When the time coordinate contains np.datetime64 objects I recommend using resample directly, because the underlying index will be a pandas DatetimeIndex (so you just need some logic to detect if that's the case).

I think the most general workaround for right now would probably look something like the example below.

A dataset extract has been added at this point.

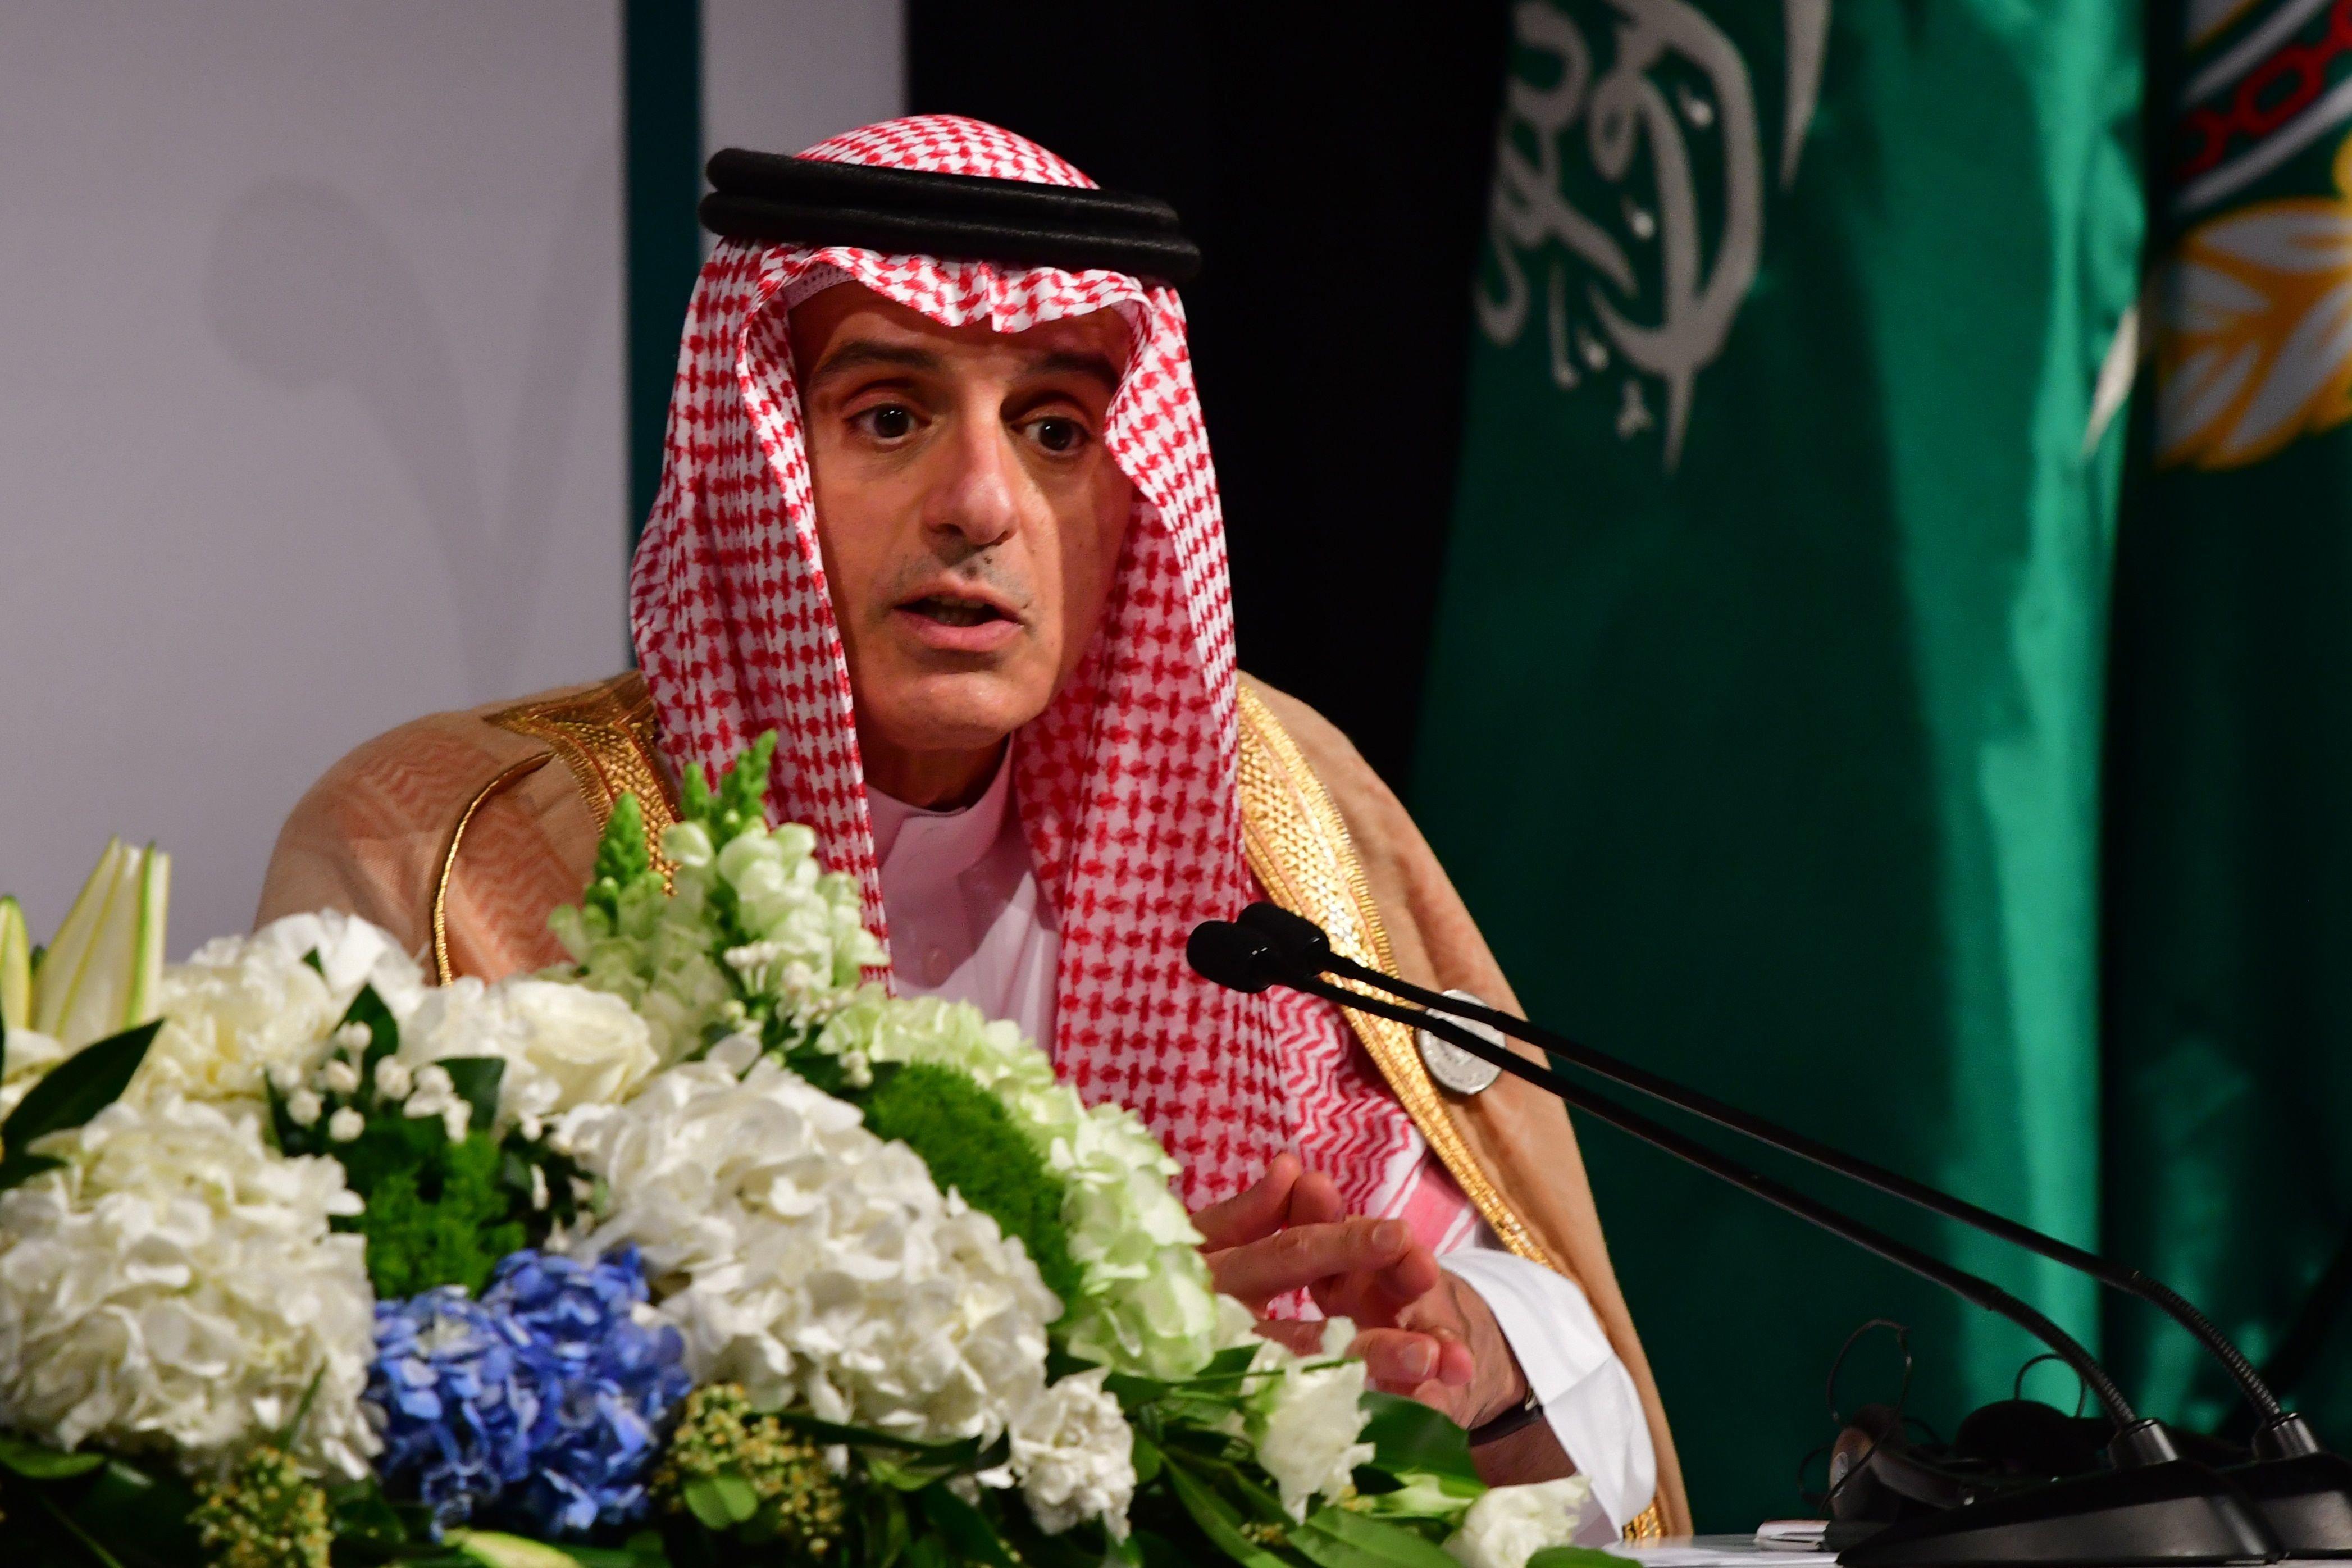 Σε διμερείς συμφωνίες και κοινές δράσεις θα προχωρήσουν Κύπρος και Σαουδική

This has the property that it preserves the underlying calendar type of the time index.

import pandas as pd
import xarray as xr

def resample_ms_freq(ds, dim='time'):
    """Resample the dataset to 'MS' frequency regardless of the
    calendar used.
    
    Parameters
    ----------
    ds : Dataset
        Dataset to be resampled
    dim : str
        Dimension name associated with the time index
        
    Returns
    -------
    Dataset
    """
    index = ds.indexes[dim]
    if isinstance(index, pd.DatetimeIndex):
        return ds.resample(**{dim: 'MS'}).mean(dim)
    elif isinstance(index, xr.CFTimeIndex):
        date_type = index.date_type
        month_start = [date_type(date.year, date.month, 1) for date in ds[dim].values]
        ms = xr.DataArray(month_start, coords=ds[dim].coords)
        ds = ds.assign_coords(MS=ms)
        return ds.groupby('MS').mean(dim).rename({'MS': dim})
    else:
        raise TypeError(
            'Resampling to month start frequency requires using a time index of either '
            'type pd.DatetimeIndex or xr.CFTimeIndex.')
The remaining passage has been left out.